Matching by Regular Expression
import pandas as pd
data = {
'Name': ['John', 'Alice', 'Bob', 'Eve', 'Charlie'],
'Age': [25, 30, 22, 35, 28],
'Gender': ['Male', 'Female', 'Male', 'Female', 'Male'],
'Salary': [50000, 55000, 40000, 70000, 48000]
}
df = pd.DataFrame(data)
# Select columns that start with 'A' or 'S'
filtered = df.filter(regex='^[AS]')
print(filtered)
Output:
Age Salary
0 25 50000
1 30 55000
2 22 40000
3 35 70000
4 28 48000
Matching by Exact Names
import pandas as pd
data = {
'Name': ['John', 'Alice', 'Bob', 'Eve', 'Charlie'],
'Age': [25, 30, 22, 35, 28],
'Gender': ['Male', 'Female', 'Male', 'Female', 'Male'],
'Salary': [50000, 55000, 40000, 70000, 48000]
}
df = pd.DataFrame(data)
# Select specific columns by name
filtered = df.filter(items=['Name', 'Age'])
print(filtered)
Output:
Name Age
0 John 25
1 Alice 30
2 Bob 22
3 Eve 35
4 Charlie 28
Selecting Columns by Data Type
The select_dtypes() method filters columns based on their data type.
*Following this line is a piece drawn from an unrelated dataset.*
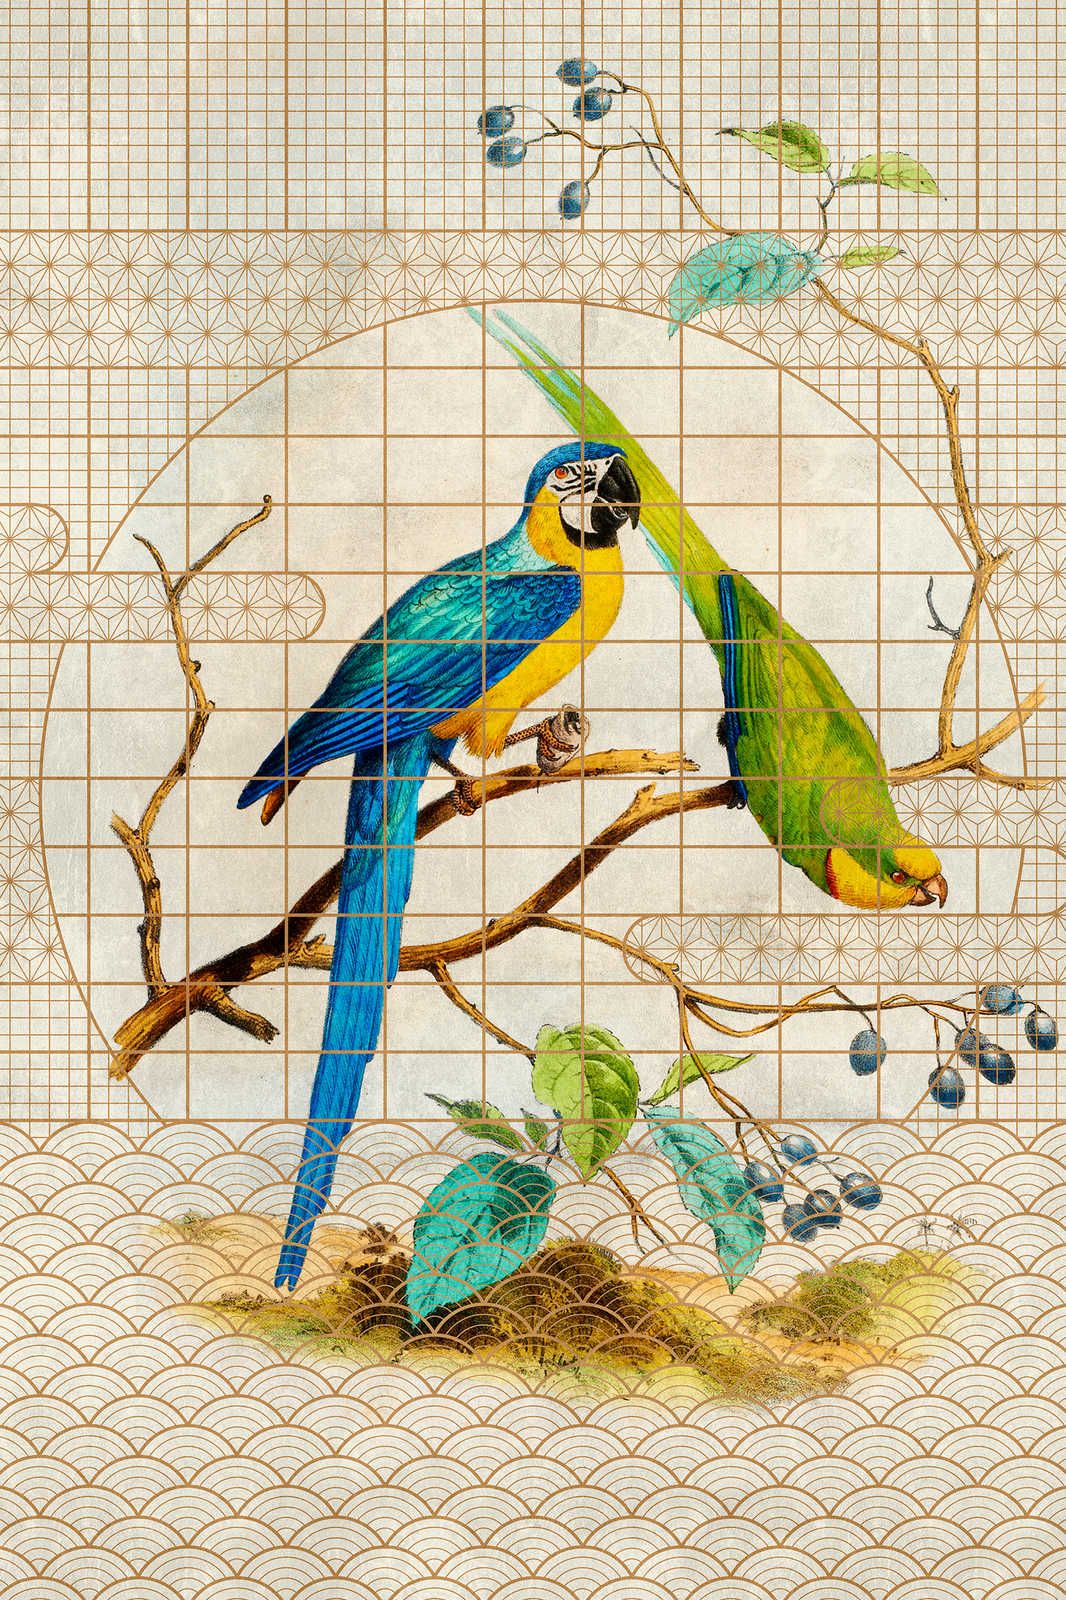             Volière 3 - Vintage stijl papegaai & gouden patroon canvas schilderij - 0.90 m x 0.60 m

This is especially useful when you need only numeric columns for calculations or only string columns for text processing:
import pandas as pd
data = {
'Name': ['John', 'Alice', 'Bob', 'Eve', 'Charlie'],
'Age': [25, 30, 22, 35, 28],
'Gender': ['Male', 'Female', 'Male', 'Female', 'Male'],
'Salary': [50000, 55000, 40000, 70000, 48000]
}
df = pd.DataFrame(data)
# Select only numeric columns
numeric_cols = df.select_dtypes(include=['number'])
print(numeric_cols)
Output:
Age Salary
0 25 50000
1 30 55000
2 22 40000
3 35 70000
4 28 48000
Selecting Non-Numeric Columns
import pandas as pd
data = {
'Name': ['John', 'Alice', 'Bob', 'Eve', 'Charlie'],
'Age': [25, 30, 22, 35, 28],
'Gender': ['Male', 'Female', 'Male', 'Female', 'Male'],
'Salary': [50000, 55000, 40000, 70000, 48000]
}
df = pd.DataFrame(data)
# Select only object (string) columns
text_cols = df.select_dtypes(include=['object'])
print(text_cols)
Output:
Name Gender
0 John Male
1 Alice Female
2 Bob Male
3 Eve Female
4 Charlie Male
Excluding Specific Types
import pandas as pd
data = {
'Name': ['John', 'Alice', 'Bob', 'Eve', 'Charlie'],
'Age': [25, 30, 22, 35, 28],
'Gender': ['Male', 'Female', 'Male', 'Female', 'Male'],
'Salary': [50000, 55000, 40000, 70000, 48000]
}
df = pd.DataFrame(data)
# Select all columns except numeric ones
non_numeric = df.select_dtypes(exclude=['number'])
print(non_numeric)
Output:
Name Gender
0 John Male
1 Alice Female
2 Bob Male
3 Eve Female
4 Charlie Male
Common Mistake: Confusing Single and Double Brackets
A frequent source of errors is using single brackets when double brackets are needed, or vice versa:
# Single brackets return a Series
result = df['Age']
print(type(result)) # <class 'pandas.core.series.Series'>
# Double brackets return a DataFrame
result = df[['Age']]
print(type(result)) # <class 'pandas.core.frame.DataFrame'>
This matters when you try to select multiple columns with single brackets:
# WRONG: this tries to find a single column named ('Age', 'Salary')
try:
result = df['Age', 'Salary']
except KeyError as e:
print(f"KeyError: {e}")
Output:
KeyError: ('Age', 'Salary')
The correct approach:
# CORRECT: pass a list inside the brackets
result = df[['Age', 'Salary']]
print(result.head(2))
Output:
Age Salary
0 25 50000
1 30 55000
Always use double brackets df[['col1', 'col2']] when selecting multiple columns. Single brackets df['col1', 'col2'] cause a KeyError because Pandas interprets the comma-separated values as a tuple key.
Quick Reference
| Method | Syntax | Selects By | Returns | Best For |
|---|---|---|---|---|
| Single bracket | df['col'] | Column name | Series | Accessing one column |
| Double bracket | df[['col1', 'col2']] | Column names | DataFrame | Selecting multiple columns by name |
loc[] | df.loc[:, ['col1', 'col2']] | Labels | DataFrame | Label-based selection, column ranges |
iloc[] | df.iloc[:, [0, 1]] | Integer positions | DataFrame | Position-based selection |
filter() | df.filter(like='pattern') | Name pattern | DataFrame | Substring or regex matching |
select_dtypes() | df.select_dtypes(include=['number']) | Data type | DataFrame | Selecting by column type |
Each method serves a specific purpose.
- Use bracket notation for quick, straightforward selection.
- Use
loc[]andiloc[]when you need precise control over both rows and columns. - Use
filter()for pattern-based selection andselect_dtypes()when working with columns of specific data types.